#### PROBLEM TO SOLVE:
Copy out the entries below exactly as they stand, but only from the line containing "giclee Utagawa Kunisada: Magician" through the line containing "7e - Ninurta, his".

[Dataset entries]
>>>>>

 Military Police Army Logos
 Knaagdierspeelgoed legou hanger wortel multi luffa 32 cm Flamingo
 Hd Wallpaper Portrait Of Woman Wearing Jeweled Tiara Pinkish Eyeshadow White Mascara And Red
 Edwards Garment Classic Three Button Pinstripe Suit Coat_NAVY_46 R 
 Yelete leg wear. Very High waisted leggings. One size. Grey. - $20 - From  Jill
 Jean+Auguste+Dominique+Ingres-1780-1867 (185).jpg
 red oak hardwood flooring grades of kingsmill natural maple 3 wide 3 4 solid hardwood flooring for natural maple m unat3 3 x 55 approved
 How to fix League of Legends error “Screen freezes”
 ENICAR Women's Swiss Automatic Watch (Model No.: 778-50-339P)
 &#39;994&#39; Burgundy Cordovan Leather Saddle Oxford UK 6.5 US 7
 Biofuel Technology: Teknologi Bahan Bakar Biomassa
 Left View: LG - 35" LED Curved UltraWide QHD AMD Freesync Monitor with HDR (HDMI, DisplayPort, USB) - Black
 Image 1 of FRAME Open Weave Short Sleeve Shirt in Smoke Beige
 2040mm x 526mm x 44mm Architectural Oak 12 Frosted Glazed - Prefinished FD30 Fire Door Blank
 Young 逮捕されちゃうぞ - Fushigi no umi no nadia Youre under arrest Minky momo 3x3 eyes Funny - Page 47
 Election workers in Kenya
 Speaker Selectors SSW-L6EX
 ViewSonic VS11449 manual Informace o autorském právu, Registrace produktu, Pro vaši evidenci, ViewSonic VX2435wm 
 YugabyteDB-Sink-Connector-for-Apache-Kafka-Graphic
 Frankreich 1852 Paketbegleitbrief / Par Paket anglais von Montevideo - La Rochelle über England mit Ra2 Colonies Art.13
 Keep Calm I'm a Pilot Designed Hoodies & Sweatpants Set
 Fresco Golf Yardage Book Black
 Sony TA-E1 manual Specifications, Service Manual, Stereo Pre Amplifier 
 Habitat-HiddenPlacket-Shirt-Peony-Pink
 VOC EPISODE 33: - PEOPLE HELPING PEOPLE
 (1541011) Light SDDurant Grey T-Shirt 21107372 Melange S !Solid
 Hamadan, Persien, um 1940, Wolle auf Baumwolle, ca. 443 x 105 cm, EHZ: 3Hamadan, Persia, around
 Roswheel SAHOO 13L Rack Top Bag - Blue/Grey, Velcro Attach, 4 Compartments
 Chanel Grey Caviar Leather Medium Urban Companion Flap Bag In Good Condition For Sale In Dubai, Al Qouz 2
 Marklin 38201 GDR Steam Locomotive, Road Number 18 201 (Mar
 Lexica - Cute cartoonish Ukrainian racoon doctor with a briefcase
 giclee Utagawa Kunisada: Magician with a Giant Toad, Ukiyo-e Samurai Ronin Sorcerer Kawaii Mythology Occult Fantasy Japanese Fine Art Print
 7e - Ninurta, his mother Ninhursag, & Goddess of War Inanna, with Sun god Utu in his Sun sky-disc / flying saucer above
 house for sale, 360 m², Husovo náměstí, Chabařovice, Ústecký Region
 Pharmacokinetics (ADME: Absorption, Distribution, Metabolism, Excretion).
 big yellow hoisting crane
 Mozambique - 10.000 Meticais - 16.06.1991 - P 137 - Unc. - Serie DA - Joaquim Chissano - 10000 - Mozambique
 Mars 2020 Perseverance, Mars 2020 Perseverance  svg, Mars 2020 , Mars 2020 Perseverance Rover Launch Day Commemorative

<<<<<

#### ANSWER TO THIS PROBLEM:
 giclee Utagawa Kunisada: Magician with a Giant Toad, Ukiyo-e Samurai Ronin Sorcerer Kawaii Mythology Occult Fantasy Japanese Fine Art Print
 7e - Ninurta, his mother Ninhursag, & Goddess of War Inanna, with Sun god Utu in his Sun sky-disc / flying saucer above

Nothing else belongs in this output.